By William Booth, Washington Post Foreign Service
LASCAHOBAS, HAITI — The earthquake that struck Haiti’s capital city has also jarred the impoverished countryside, sending 600,000 people into the provinces — where locals are now overwhelmed with the task of feeding and sheltering desperate newcomers.
Haitian and international aid officials describe the migration as one of the largest and most wrenching in the hemisphere, as internally displaced people stream out of Port-au-Prince and head to struggling provincial towns in the aftermath of the earthquake like civilians fleeing war zones in places such as Rwanda, Kosovo and the Swat Valley in Pakistan.
“They are everywhere. They are in the town, and they are sleeping in the fields,” said Gerald Joseph, mayor of Lascahobas, a farming and trading town about three hours north of the capital. “Our schools are beyond full now. Our hospital is full. All our houses are full of people. We don’t have an empty house. Where four people were sleeping before, there are now 14.”
The mayor said that by his census, his town of 60,000 had grown by 10,000 refugees from Port-au-Prince since the January quake. They leave the city with a bag of rice or a suitcase of clothes and arrive here with no jobs and little money, the mayor said. “They are poor people overwhelming poor people,” he said.
Officials in the countryside say that no help has come from the bankrupt and enfeebled Haitian government and that international aid has arrived in a frustrating trickle. In Lascahobas, the charity group World Vision fed 500 people one time, the mayor said. Nepalese troops working for the United Nations also came once to feed about 800 people.
Haitian officials preparing to seek billions of dollars in aid from foreign donors and U.S. taxpayers at the United Nations at the end of the month stress that their plan for a better Haiti includes a promise to decentralize power.
Eduardo Almeida, head of the Inter-American Development Bank in Haiti, said the plans should include massive investments in infrastructure in the provinces — in schools, universities, ports, tourism, manufacturing and especially agriculture.

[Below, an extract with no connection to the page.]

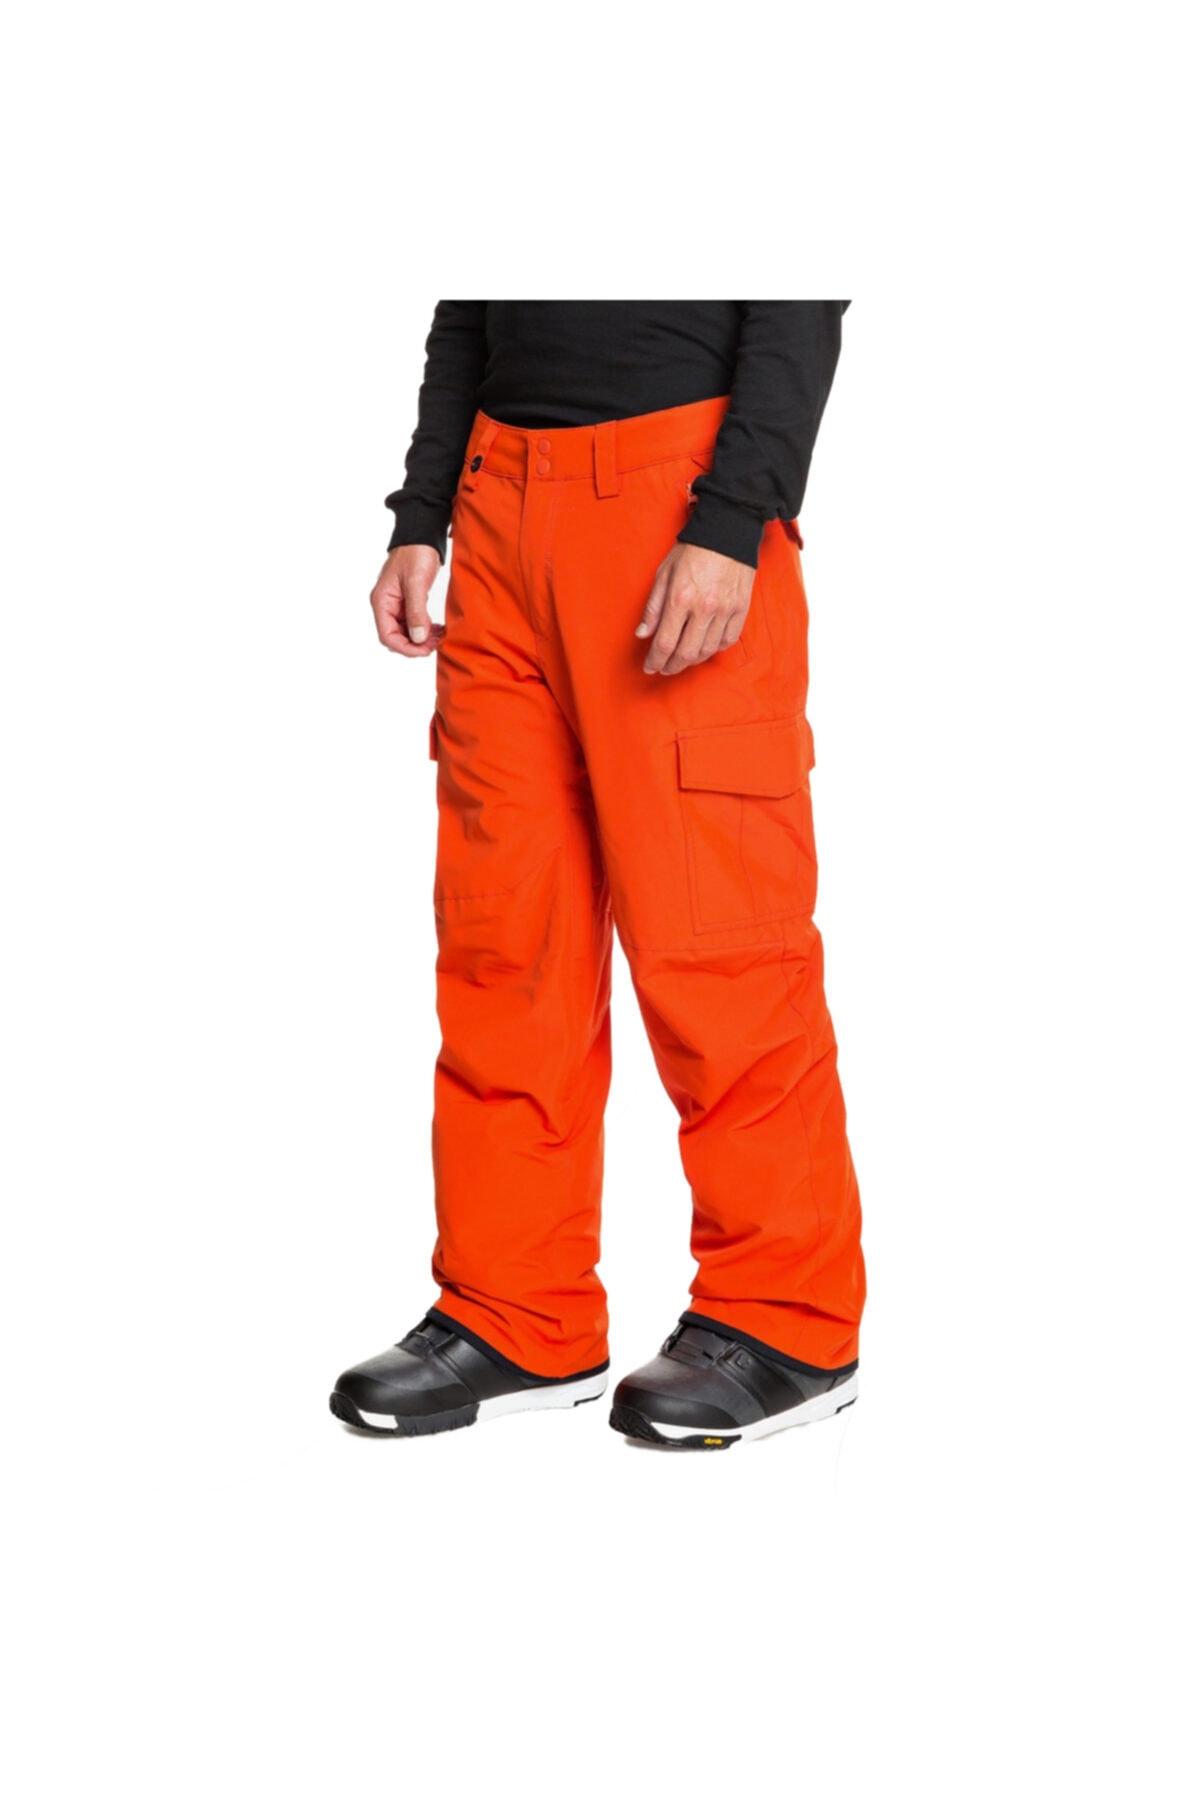 Quiksilver Quıksılver Porter Erkek Snowboard Pantolonu 2
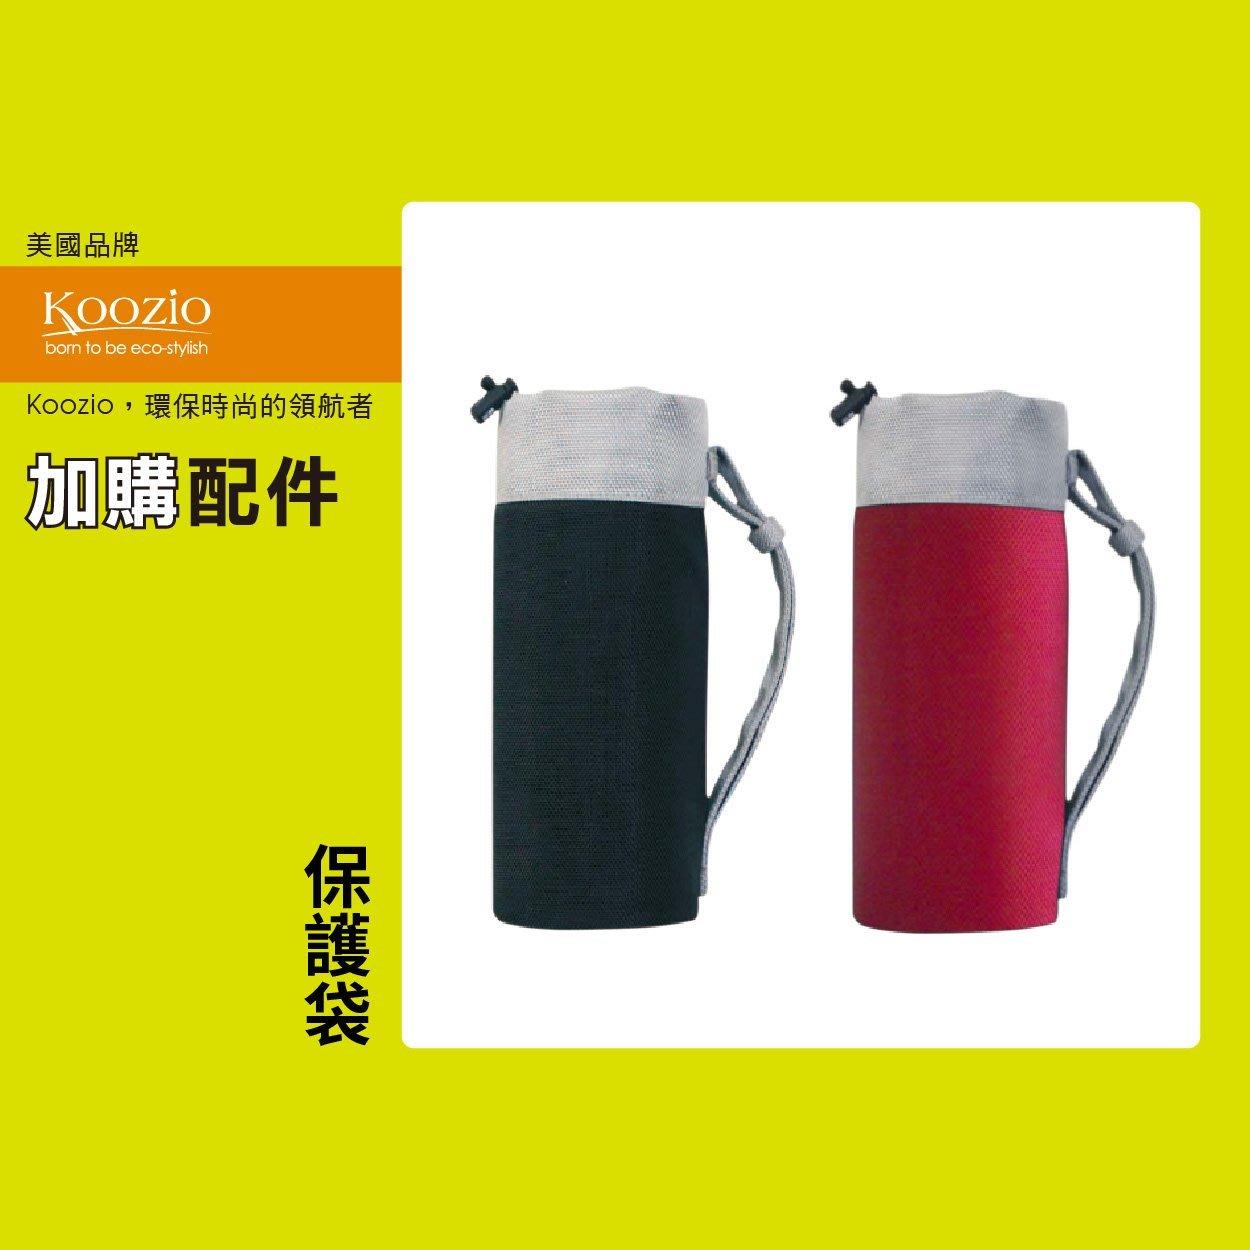 Koozio經典水瓶 1000ml專用保護袋-黑

“Haiti is a farming culture that cannot feed itself, and that must change,” Almeida said. As an example, development officials and aid advisers repeat that Haiti is so poor, and its agriculture so ravaged, that it must import a million eggs a day from the neighboring Dominican Republic.
During years of political chaos, coups and soaring poverty, Haiti and its partners such as the World Bank and U.N. agencies have done little to bolster the countryside, where local governments are broke and mostly powerless to develop on their own. Before the earthquake, nearly a third of Haiti’s roughly 10 million residents lived in Port-au-Prince.
“Look!” said the Rev. Raphael Bernadin Desras, the priest at the St. Gabriel Catholic church in the center of the town, as he swung open the door to a storeroom. A dozen bags of rice and some sacks of beans remained in a larder that once was full. “I have enough left for the kids in my school. But everyone else? Good luck.”
Desras said “the biggest problem is that all the aid stays in Port-au-Prince.” People from the city, he said, “are our sisters and brothers, so of course we will help them.” But he complained about the dominance of the capital in all matters — government, trade, industry, education, aid.
“They have abandoned the countryside for the last 50 years,” the priest said, and he asked whether a visitor had seen houses along the road from the city. “Stick and mud,” he said.
Desras said that many of the adult children of his town died in Port-au-Prince “because they went there to go to school — because there are no universities in the countryside.”
Monique Michel, who sells clothes for a living, has a little house in Lascahobas where her family of five lived before the earthquake. Now 16 people live in her home. “We’re sleeping four to a bed,” Michel said. She said her meager savings were disappearing as she bought chickens, rice, beans and bananas to feed her sisters and their children. “They’re hungry,” she said.
“We are seeing crazy numbers of people,” said Milien Christophe, a surgeon at the Zanmi Lasante medical clinic here, who said that he now treats more patients from Port-au-Prince than from the town.
Haitian officials drawing up plans for what they call Haiti 2.0 say they envision using donor money to provide government services outside Port-au-Prince, to open “welcome centers,” and to build universities and clinics and two-lane highways in place of muddy tracks.
“If we don’t want those people to return to Port-au-Prince, then we have to provide assistance and opportunities in the provinces,” said Edmund Mullet, the acting U.N. special envoy for Haiti. “If we don’t do that, people will move back to Port-au-Prince.”
Many Haitians, however, do not think that their government, or international charities and agencies, will be able to act quickly — or at all — out in the countryside.
Asked her plans, 20-year-old Freda Antoine said she planned to get away from Lascahobas as fast as possible, once the capital gets back on its feet. “There’s nothing to do out here,” she said, using the Haitian Creole word for the sticks.